I have removed a baseboard heater from my dining room. The circuit that feeds this heater is a ganged circuit breaker with 240 volts. It also supplies the baseboard heater in the bathroom, and I want to keep this one. So, I have removed the heater, and passed the wires into the crawl space under the house. There I have placed the wires into a junction box, placed wire nuts on the black and white wire ends and placed the cover on the box. There are no other wires in this box. Where the thermostat was,  I have capped the ends with wire nuts and covered it up with a blank cover. I have left the ground wires attached to the box. Question, is this safe enough so if I turn the breaker on for the other heater in the bathroom, I will not have a problem? The circuit is open in 2 places.

Thanks


----------



## Square Eye (Jun 16, 2006)

You're fine as long as you capped the wires off with wire nuts and contained the ends in a box.


----------



## glennjanie (Jun 17, 2006)

Hello Outbacker:
I'm primarily a plumber but have done some wiring along too. In plumbing, we get everything hooked up like we want it then give it a smoke test to check for leaks. I stretch this to electrical also; I hook it up the best I know how and then give it a "smoke" test, which means I turn the power on and see if she smokes. No smoke=good test.
Square Eye is miles ahead of me on the electrical though, you would be better off listening to him.
Glenn


----------



## James Holske (Mar 20, 2019)

If you want to be super safe then you could put in a bit more work and some testing and make sure you completely remove the wire .

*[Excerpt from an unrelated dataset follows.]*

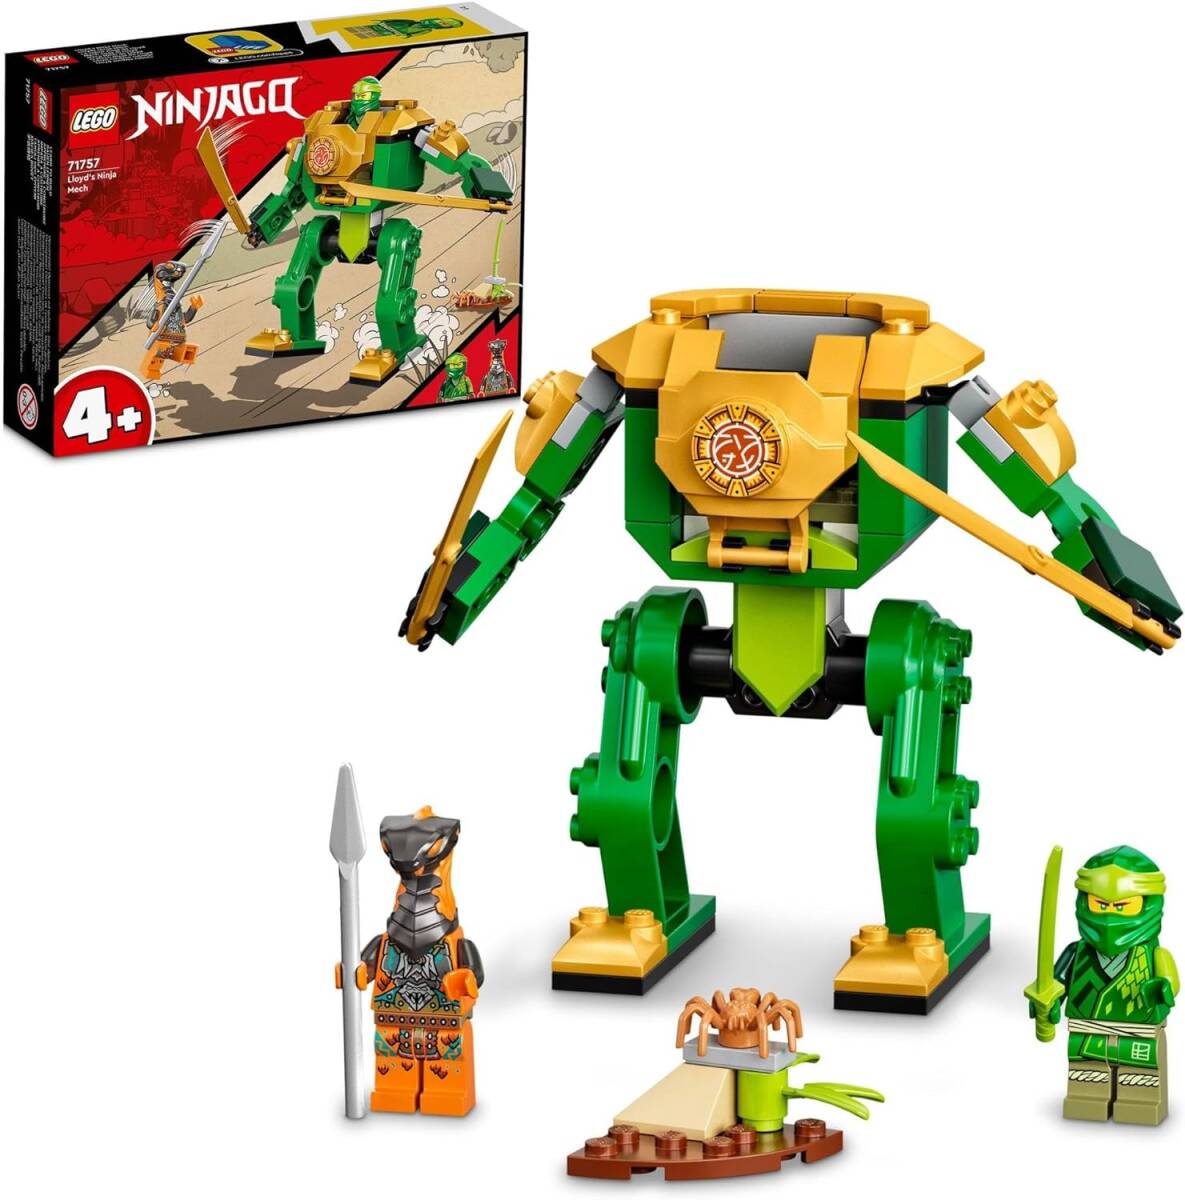 レゴ(LEGO) ニンジャゴー ロイドのニンジャメカスーツ 71757 おもちゃ ブロック プレゼント ロボット 忍者 にんじゃ _画像1

The circuit you have for heat that controls both baseboards is ultimately  wired back to a controlling thermostat and more than likely daisy chains from one to the other.
you may have it easy since you can get to the crawlspace where the wires run .
You can follow that wire you disconnected  back to the last place it comes from or at least in the direction of it ,or nearby it.
so follow that wire across the crawlspace area and if it goes to the first heater then awesome ! go to that heater open it up and you should see two wires .
one will be the feed which ( shut the panel off first , that's to the whole house by the way to be ultimately sure you won't get hurt !) Separate the wires from the heater and then  put power back on and test each one one of them will be live .mark it as such ( after power disconnect again )
( then once all power is shut off again ) you can remove the connection to that load wire ( the wire going to next heater you already removed) you could even pull it out from below once you loosen it in the connector)
Then re connect the feed power wire back to the heater and close it up and turn power back on and make sure everything is back to working order .
Also as a note of safety make sure you are stripping enough copper off the ends of your wires when you splice them and twisting them together by pulling with your pliers as you twist ( look up making a good electrical splice to learn the proper technique)

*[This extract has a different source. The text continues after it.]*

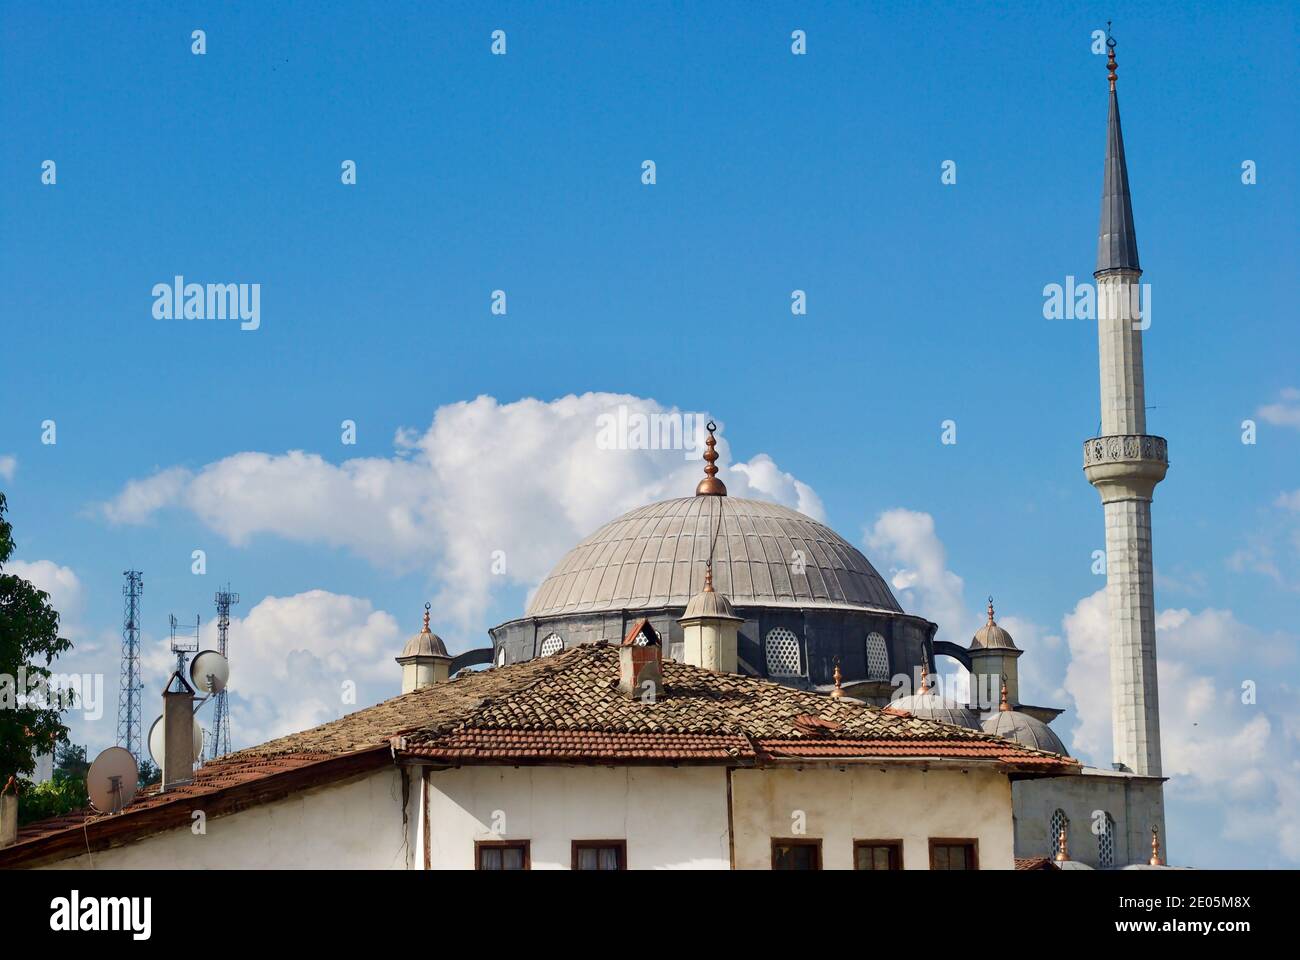 L'esterno della moschea DI IZZET Pasha, Cami, risale al XVIII secolo e prende il nome da IZZET Mehmet Pasha, un alto rango ufficiale dell'epoca ottomana. Safranbolu Foto Stock

Here is why its so important       you tube " the truth about electrical fires "

stay safe !

and as I always say to people the best way to be sure to be safe is to shut down power to the whole house .If this means all the breakers or even the whole home at the service disconnect so be it ,I would rather be inconvenienced  by working by a flashlight
or have to reset clocks ,and possibly have to wait for my tv menus on cable to reset than to be electrocuted and injured!!!!


----------



## afjes_2016 (Mar 21, 2019)

Oups, I almost replied to this thread but then realized it is almost 13 years old. The OP has not posted since June of 2009 so I don't think the OP will be replying to this thread and more than likely has solved this issue by now.

"James" check the dates before you reply.


----------



## James Holske (Mar 21, 2019)

yeah that's some good advice but evidently other people (like yourself & me ) also read these posts even though they are old
I was thinking maybe this case would be a good example to people researching on the topic.


----------



## bud16415 (Mar 21, 2019)

James Holske said:


> yeah that's some good advice but evidently other people (like yourself & me ) also read these posts even though they are old
> I was thinking maybe this case would be a good example to people researching on the topic.




It never hurts to update an old thread if you are browsing thru them and find something more to add for the record. Lots of people do search or search engines find these old threads and sometimes setting the record straight or adding information is a good idea.


When ever I do it I normally start the post with something like “I know this thread is old, but.” Then folks picking up on it will get the idea of why I added to it.


By the way welcome to the forum.


----------